For first-time buyer Heather Sachs, geography was important. She knew that she wanted to purchase a home that would allow her to walk to her job with the Army Corps of Engineers on South Howard Street.

"While I'm a young person, I'm not really hip and happening, and I didn't want to be in a part of the city that had a lot of bars and noise," Sachs said. "I knew I wanted a settled, stable neighborhood with people of many different ages and a neighborhood that was safe," she said, adding that she eventually found a home on Barre Circle in the city.

Others recommend finding an agent who represents the buyer, rather than the seller.

Until several years ago, true buyer agency didn't exist in Maryland. Agents, even if they were working with a buyer, were presumed by law to be working for the seller, who was paying the commission.

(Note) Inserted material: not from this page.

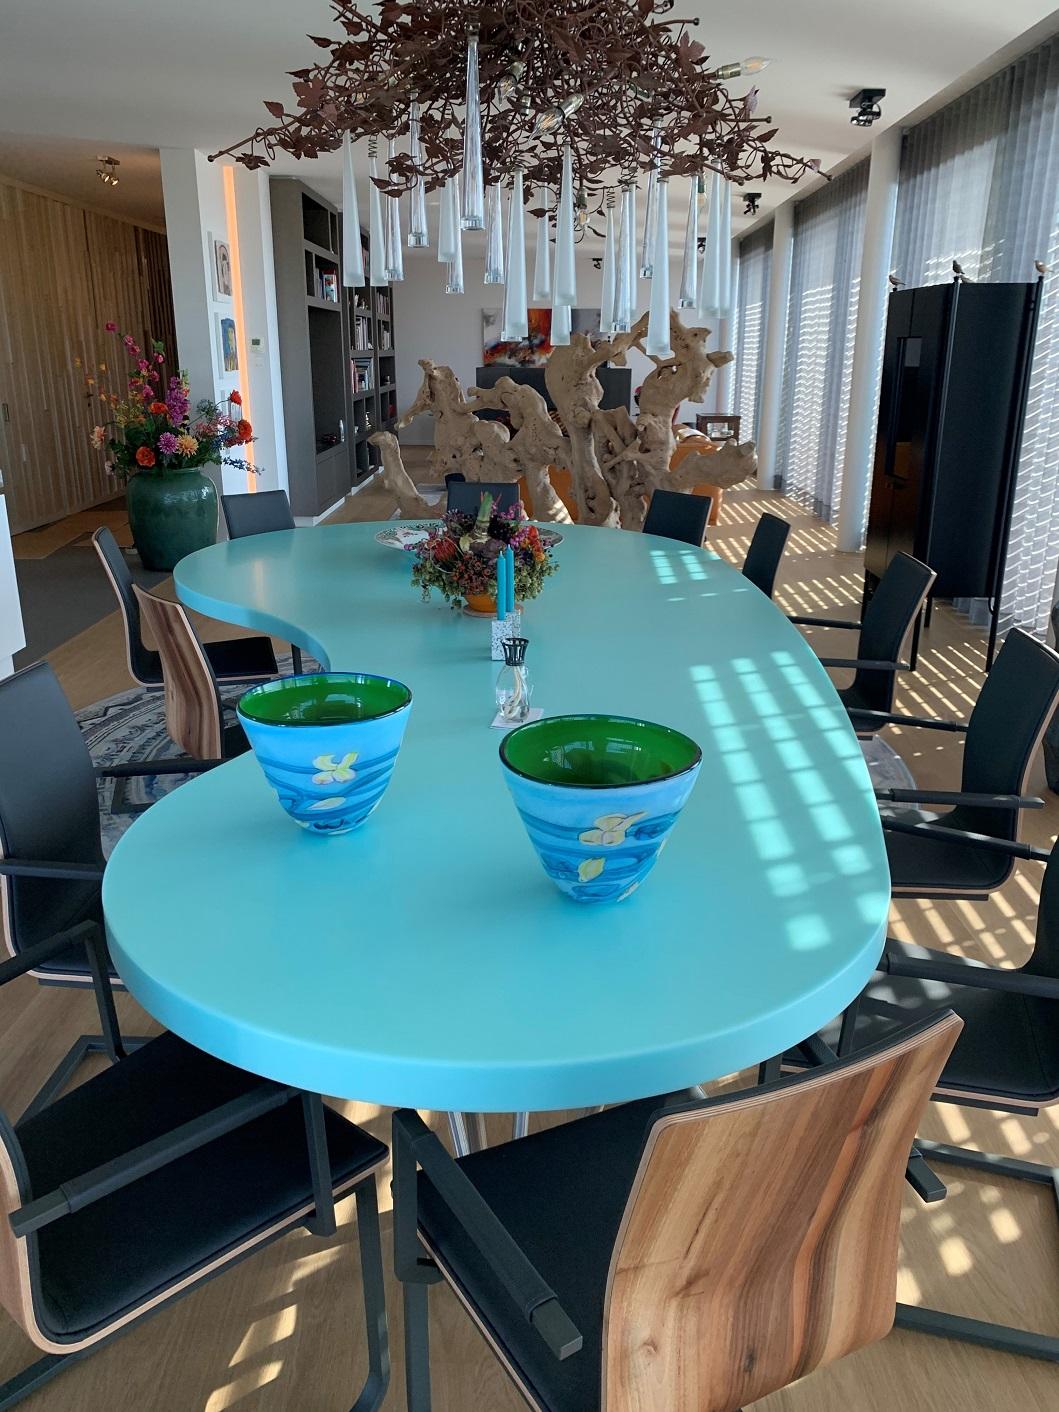 CORA Projects - Solid Surface tafelblad - HI-MACS S305 Emerald 4 - gedraaid - verkleind

However, a revision in the law in 1999 changed the presumption so that an agent would be working in the buyer's best interest, meaning that there would be confidentiality and some degree of care. This happens only when the buyer and the agent meet face to face.

The buyer's agreement

Signing an exclusive buyer's agreement means that the agent will give the buyer information and knowledge about the house in question and then negotiate aggressively to get the best price and terms possible. In return, the buyer remains loyal to the agent. And, in most cases, real estate commissions are paid by the seller, even to buyer's agents.

"Buyers really need to be well informed before making an offer," said Bill Cassidy, manager of the Fells Point office of Long & Foster Real Estate Inc. "You can get a really good sense of things by looking at a lot of houses because, if you overbid and then there's an economic downturn, you are the one who is going to be really hurting."

The other side of that coin is that houses aren't languishing on the market. "Sometimes first-timers go in with too low an offer and end up losing the house," Thomas said.

Increasingly, the name of the game today is getting pre-approved by a lender.

But before getting pre-approved, buyers should know what their credit history looks like. Poor credit leads to a difficult time in getting approved for a loan, according to Neil Sweren, president of AllyMac Mortgage in Owings Mills.